Hallo zusammen, freue mich schon auf den 30.05. bin auf alle Fälle wieder dabei. Letztes Jahr hat es mir so gut gefallen,war echt SUPER, auch alles Rund um die Stecke. Dieses Jahr heißt mein Motto "Neues Bike neues Glück"

LG Ronnie


----------



## MTB-News.de




----------



## strecken-guru (31. März 2010)

300 sind schon wieder dabei

31.03.2010




Hallo,

jetzt haben wir die 300 Anmeldungen fast voll und liegen damit im Bereich des Rekordergebnisses vom letztem Jahr. 

Die ersten 300 Anmelder bekommen wieder ein T-Shirt und da es ja immer einige säumige Zahler gibt, habt Ihr noch gute Chancen auf das begehrte Kleidungsstück, wenn Ihr Euch über Ostern anmeldet - und bezahlt.

Wie Ihr wisst, hat Sturmtief Xinthia im Hunsrück heftig gewütet, aber die Aufarbeitung schreitet gut voran. Die Wandertäler sind schon kompett freigeräumt, bei einigen Zuwegungen muss man noch mit schwerem Gerät ran. 

Deshalb, wenn Ihr trainiert, passt auf: Hinter jeder Kurve könnte noch ein Baum liegen.

Viele Grüße vom

Schinder(hannes)-MTB Emmelshausen


----------



## car.-doc (31. März 2010)

strecken-guru schrieb:


> Deshalb, wenn Ihr trainiert, passt auf: Hinter jeder Kurve könnte noch ein Baum liegen.


 
Ja hier rund um den flugplatz hahn ist alles dicht.alle guten trails sind nur mit klettern zu bestreiten


----------



## Jaymano75 (1. April 2010)

Haben Marathon Einsteiger ne Chance die Kurzstrecke zu überleben? Wie steil hoch und runter gehts denn? Gibts noch ein paar Tipps?
Freue mich schon drauf.....


----------



## car.-doc (1. April 2010)

Jaymano75 schrieb:


> Haben Marathon Einsteiger ne Chance die Kurzstrecke zu überleben? Wie steil hoch und runter gehts denn? Gibts noch ein paar Tipps?
> Freue mich schon drauf.....


Die Kurzstrecke ist hart,aber ideal für einsteiger,spreche aus erfahrung,war letztes jahr das erste mal dabei,und hab mich mit ein wenig training darauf vorbereitet,war nicht erster,aber darum ging es mir auch nicht.ankommen war mein ziel;-) 
lg


----------



## Jaymano75 (1. April 2010)

car.-doc schrieb:


> Die Kurzstrecke ist hart,aber ideal für einsteiger,spreche aus erfahrung,war letztes jahr das erste mal dabei,und hab mich mit ein wenig training darauf vorbereitet,war nicht erster,aber darum ging es mir auch nicht.ankommen war mein ziel;-)
> lg



ja sehe ich auch so, hauptsache durch ! Was genau meinst Du mit "hart"? Muss ich Angst haben ....


----------



## car.-doc (2. April 2010)

ne ne,aber es ist halt schon ein wenig anstrengent,und die anstiege sind lang Aber ehrlich,macht super viel fun.
lg


----------



## Deleted140621 (5. April 2010)

car.-doc schrieb:


> ne ne,aber es ist halt schon ein wenig anstrengent,und die anstiege sind lang Aber ehrlich,macht super viel fun.
> lg



Der letzte Anstieg vor dem Ziel, was habe ich diesen verflucht !


----------



## UdoB (16. April 2010)

Jaymano75 schrieb:


> ja sehe ich auch so, hauptsache durch ! Was genau meinst Du mit "hart"? Muss ich Angst haben ....

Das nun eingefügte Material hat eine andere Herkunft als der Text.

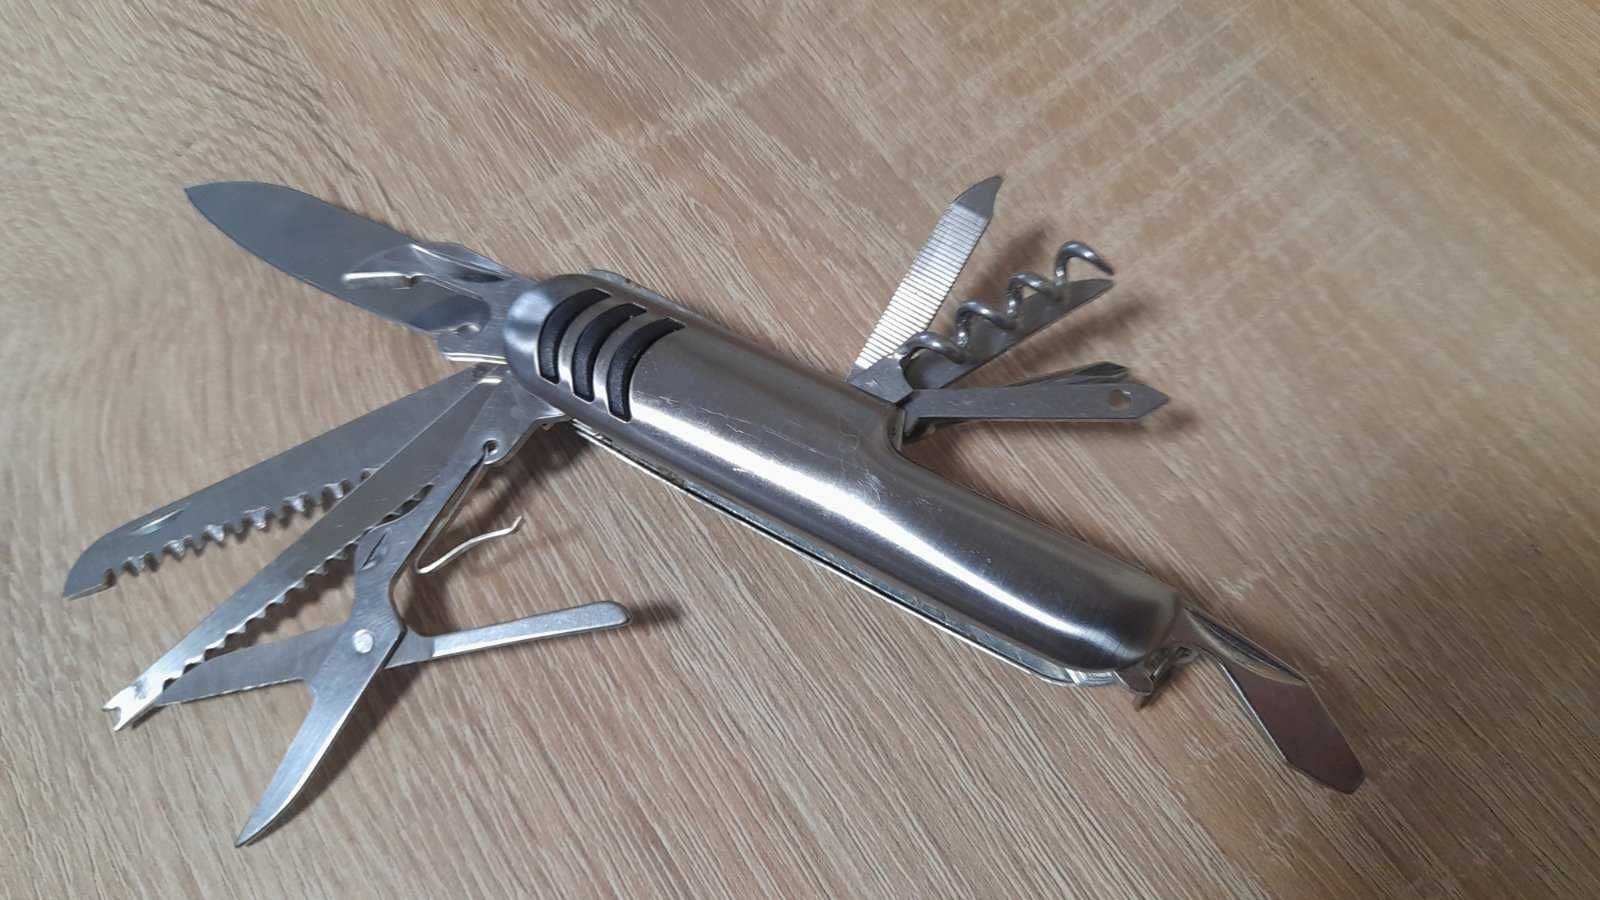 Перочинный многофункциональный нож Stainless Steel, новый, в футляре

Keine Angst!! Viel Spass!! Ich war mit Abstand der Letzte der Mittelstrecke...bin aber total begeistert angekommen. Freue mich auf den 30.


----------



## Jaymano75 (18. April 2010)

danke für die motivierenden Wort. Freue mich schon total....
Wie lange/hoch ist denn der letzte Anstieg bei der Kurzstrecke vorm Ziel?


----------



## MTB-News.de




----------



## jmr-biking (19. April 2010)

Schau doch einfach mal hier rein. Klick
Da findest du das Höhenprofil und noch viele Infos mehr. Der letzte Anstie ist keine 3 km lang. Das geht schon.


----------



## Schlammcatcher (21. April 2010)

Jaymano75 schrieb:


> danke für die motivierenden Wort. Freue mich schon total....
> Wie lange/hoch ist denn der letzte Anstieg bei der Kurzstrecke vorm Ziel?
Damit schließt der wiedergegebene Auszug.